Martin wrenched the steering wheel and Karen Wurtzel’s car dove roughly over a curb cut and into a small parking lot. Brief strip mall, a handful of storefronts, the retail totem pole at the parking lot entrance indicating Chinese takeout, shipping center, and TCBY, which stood either for The Country’s Best Yogurt or This Can’t Be Yogurt, Sarah wasn’t sure which. Karen Wurtzel was standing in front of TCBY wearing jeans and a kelly-green polo with TCBY stitched above the left breast. She held a white plastic tub about the size of a medium popcorn. Martin braked just short of running her over and flourished grandly with one arm. “Thine Chariot Beckons You.”
“Too Clever By Yards,” complained Liam.
“Testy Can Be Youth,” replied Martin.
Sarah watched a series of storms break across Karen’s face and disappear before the men had looked up from their wordplay. “Hi,” Karen said brusquely to Sarah without looking at her, as Martin and Liam got out of the car, Martin handing Karen her keys with a bow. Karen handed Martin the white plastic tub and Martin peeled off the lid and peered in. “This Can’t Be Yogurt,” he said.

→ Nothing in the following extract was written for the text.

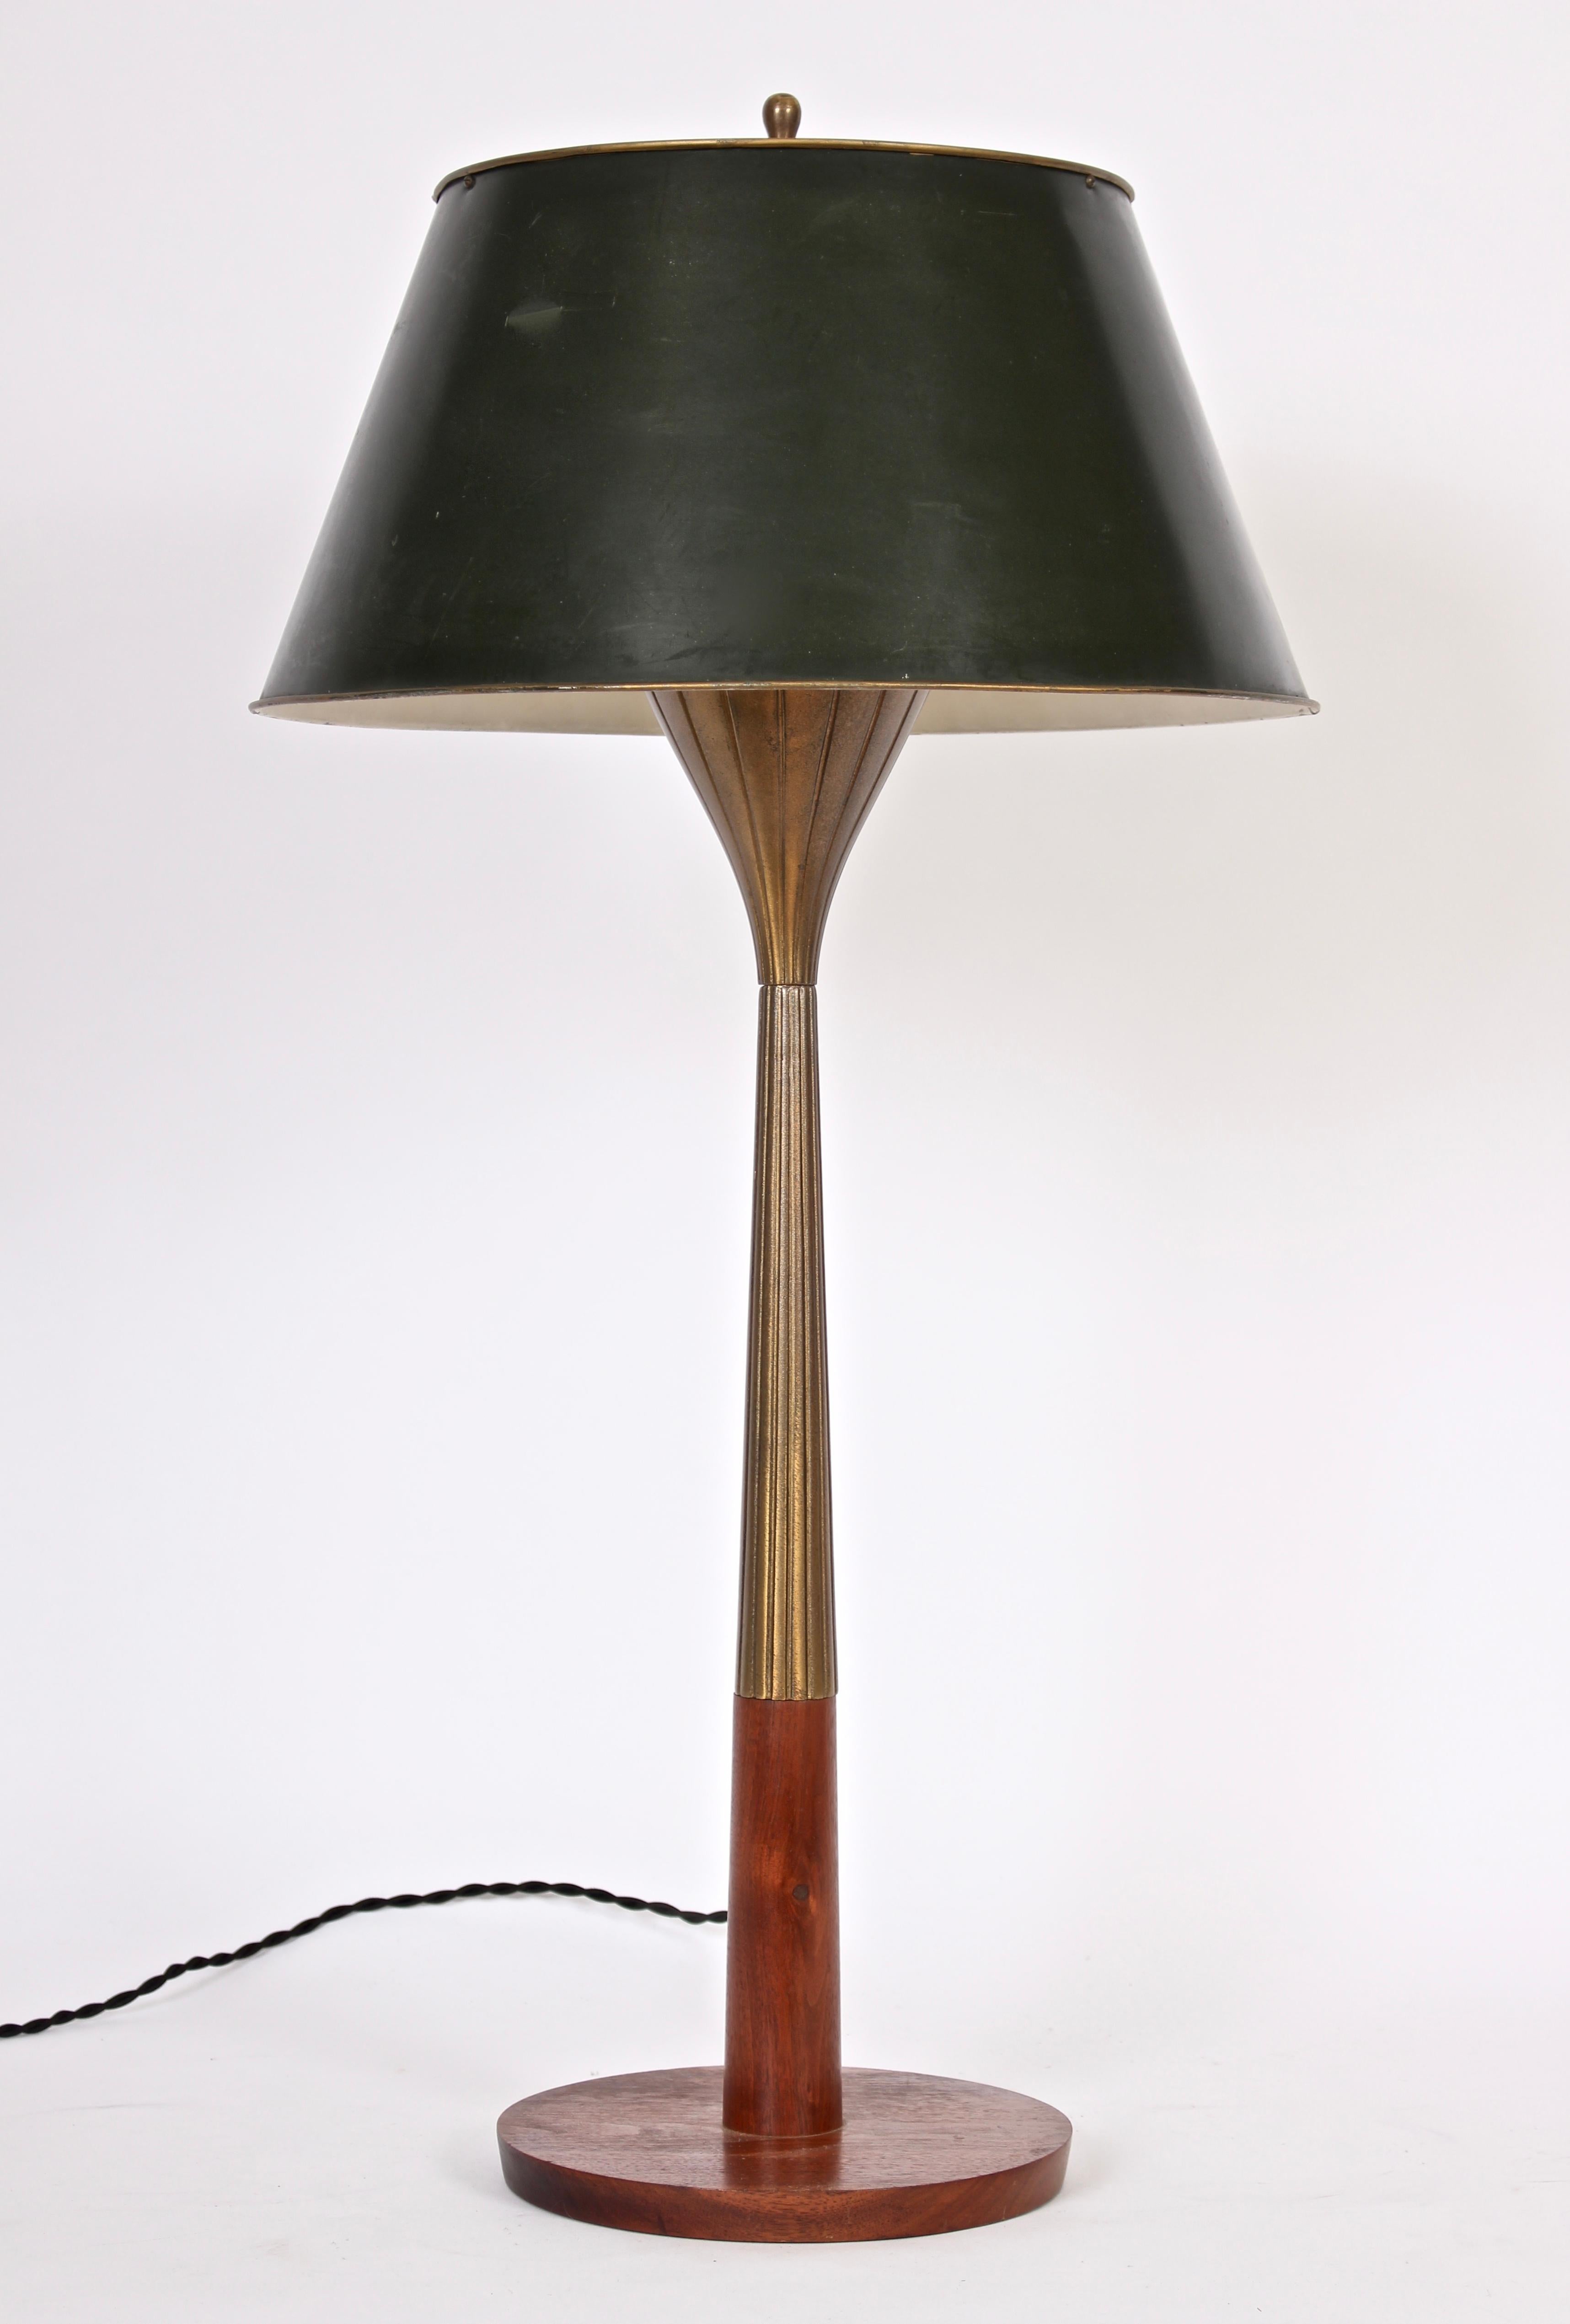 Tall Gerald Thurston for Lightolier Radiating Brass & Walnut Table Lamp For Sale 4

With Karen driving, Martin took Liam’s place in the passenger seat, and Liam climbed in with Sarah. “How’s the water?” he asked. Their knees clashed in the inadequate space and Liam bent to study their conjunction. “They’re talking about us,” he reported to Sarah, who bent her head near his to hear him.
“What are they saying?”
“I don’t know. I don’t speak any Knee.”
“How do you know they’re not just making noises to fool you?”
“The way dogs do? ‘Woof woof woof,’ as if they’re saying something? Dogs must think we’re quite daft.”

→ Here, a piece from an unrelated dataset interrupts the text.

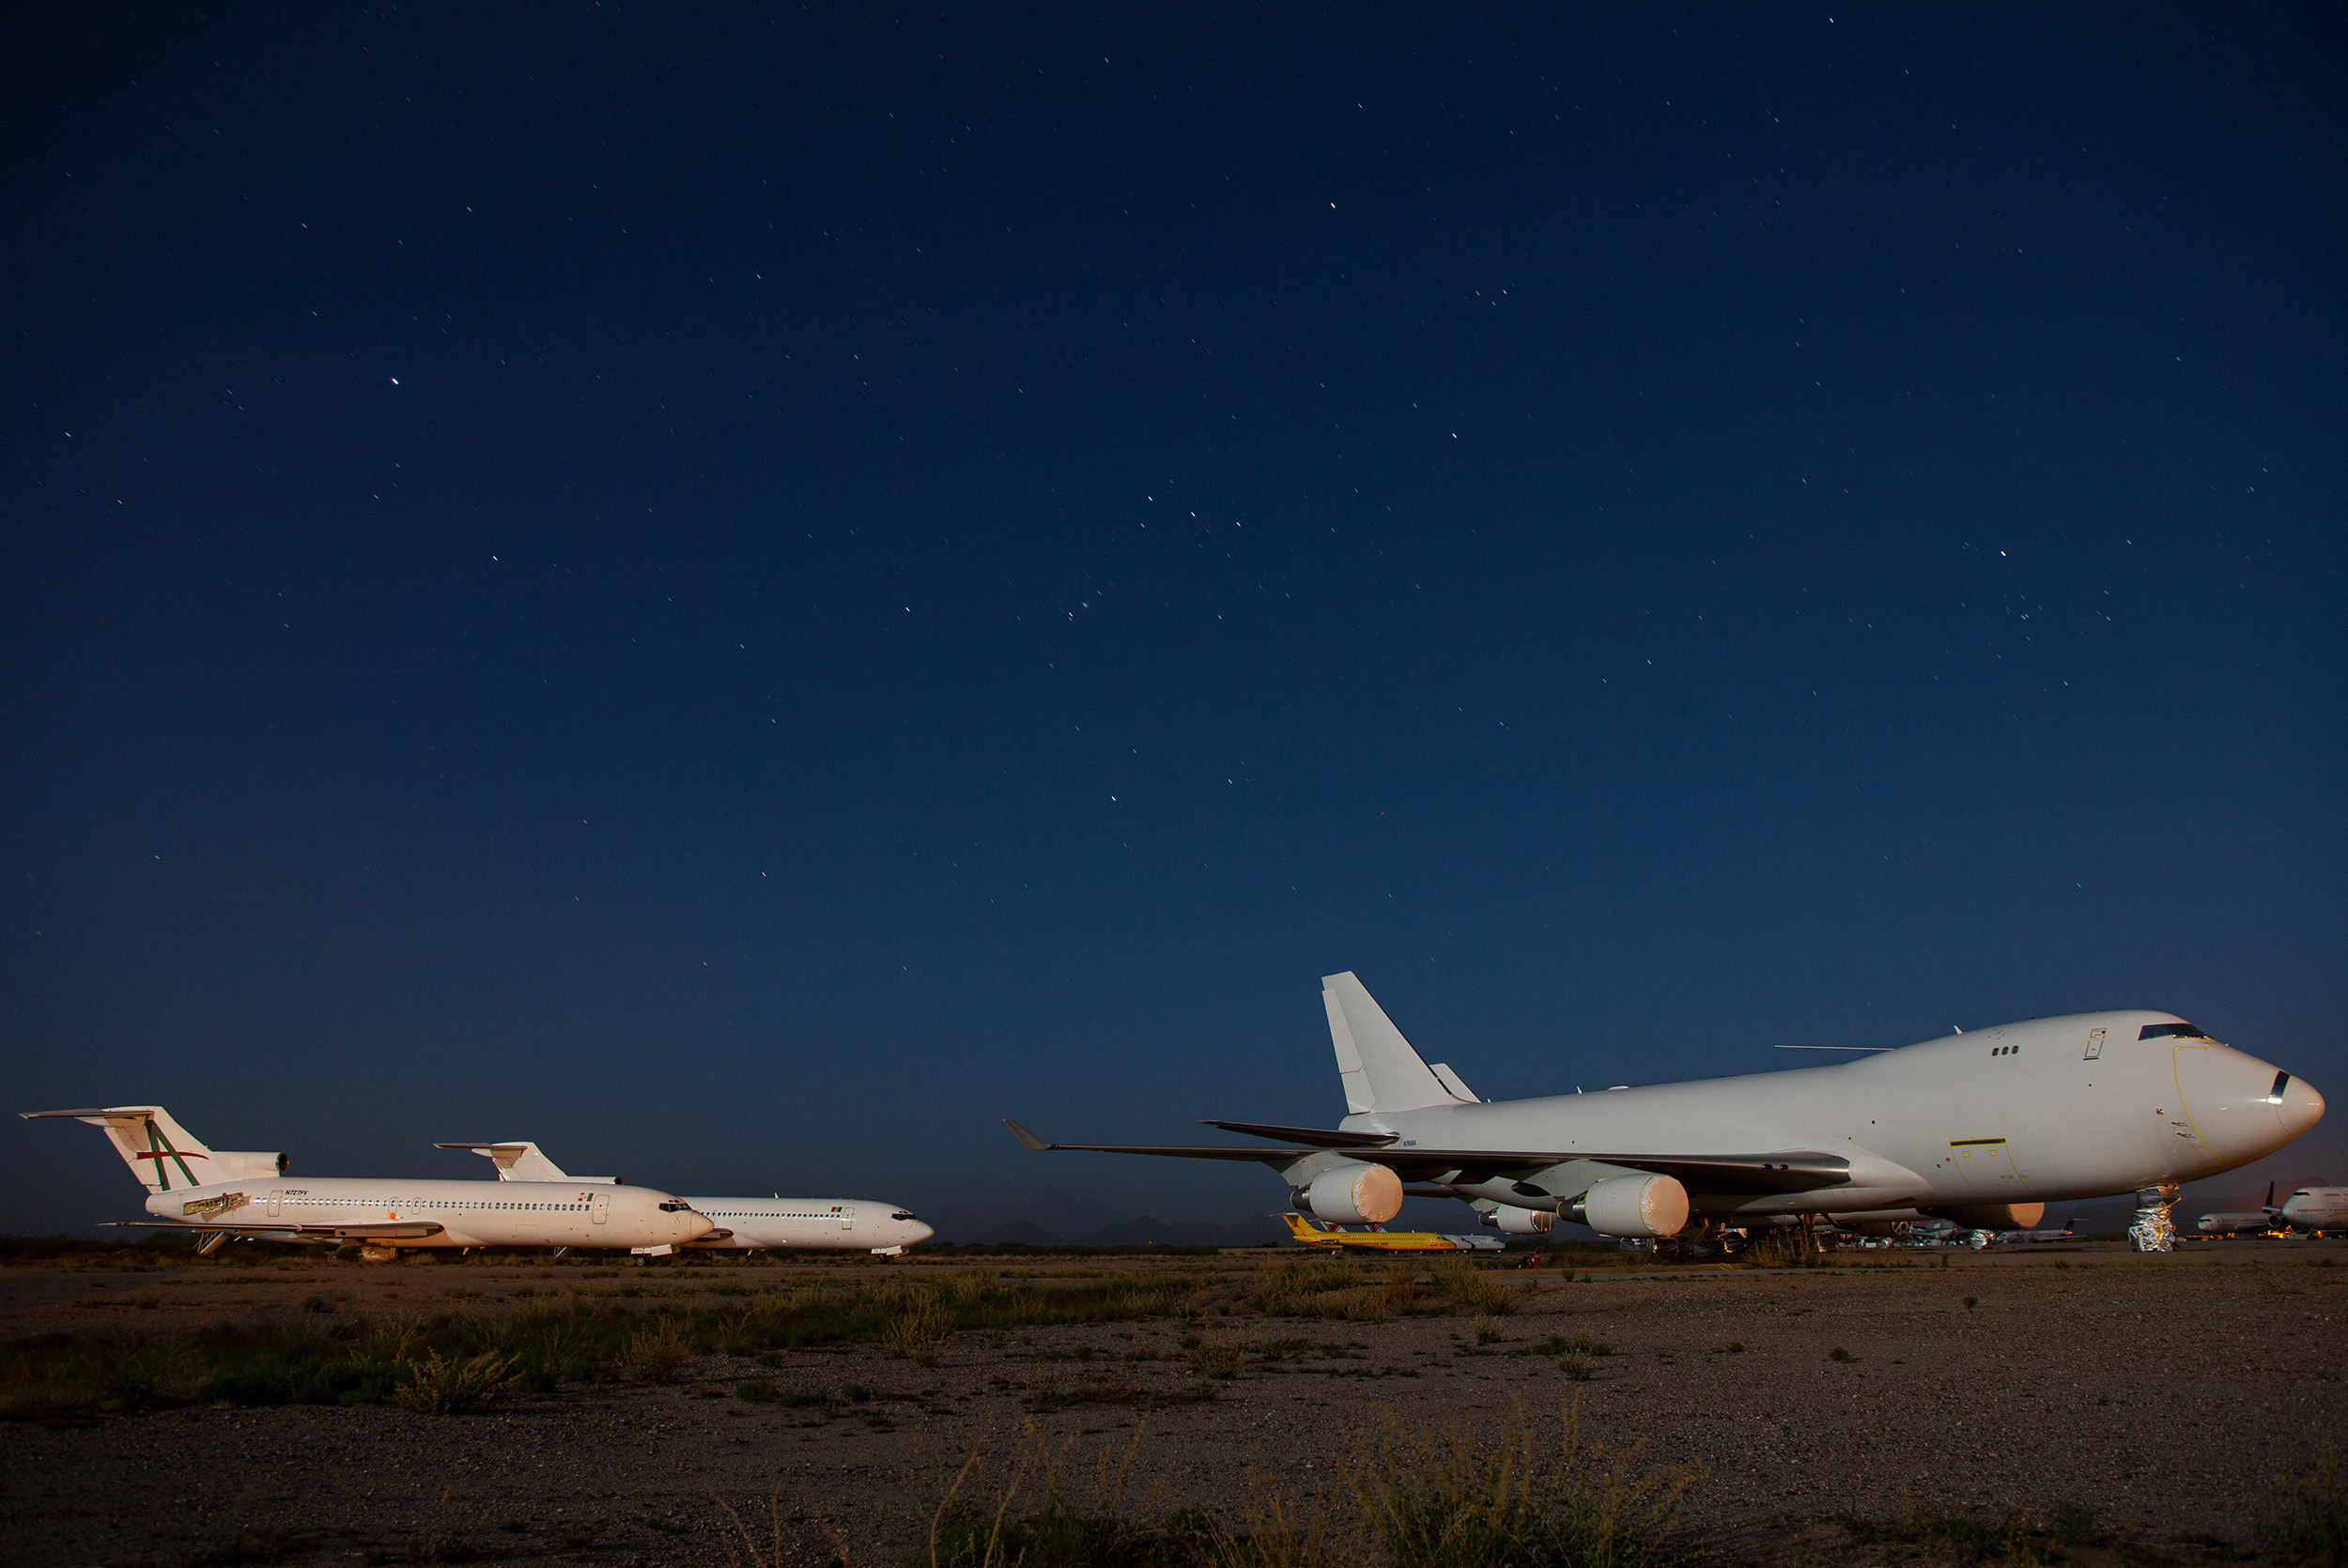 Airplanes at night - Steve Craft Photography - Phoenix Arizona Aviation Photographer

“I don’t actually hear our knees talking.”
“It’s on a higher frequency, like a dog whistle. Perhaps dogs talk to knees. But they don’t have knees, do they? Do they? Look, Martin! Who am I?” Liam sprang onto his knees in the tiny back seat and let his tongue idiotically loll from his mouth as the wind beat his hair from his face. “Arf arf!” he shouted into the wind. The toes of his upturned shoes were digging into Sarah’s thigh; they were battered black lace-ups made of cheap or fake leather, sad-sack shoes yet he wore them as obliviously as would a little boy whose mother still bought all his clothes. He had fully committed to playing the pleasure-maddened dog and was barking and slobbering and nosing Martin’s shoulder as best he could around the impediment of Martin’s seat behind which Martin, twisting so as to face back, sheltered whilst whacking Liam’s “dog” nose with a rolled magazine he’d produced from his satchel.
“Bad dog! Bad dog!” Martin cried as Karen wordlessly drove and Sarah, seated behind Karen, rode while trying to catch a glimpse of Karen in the rearview, spotting only herself. Her grim expression repelled her and she forced herself to laugh with crazy energy at Martin’s and Liam’s antics.
Karen parked in the lot at Mama’s Big Boy and they filed inside, first Karen, looking at no one and speaking to no one, then Martin and Liam shoving and goosing each other, then Sarah, at whom Martin and Liam grimaced and clowned and for whom she felt herself performing as a mirror, laughing a laughter not her own, although it would become hers, she told herself. She would not mimic Karen’s wounded hauteur, the flattened line of her mouth.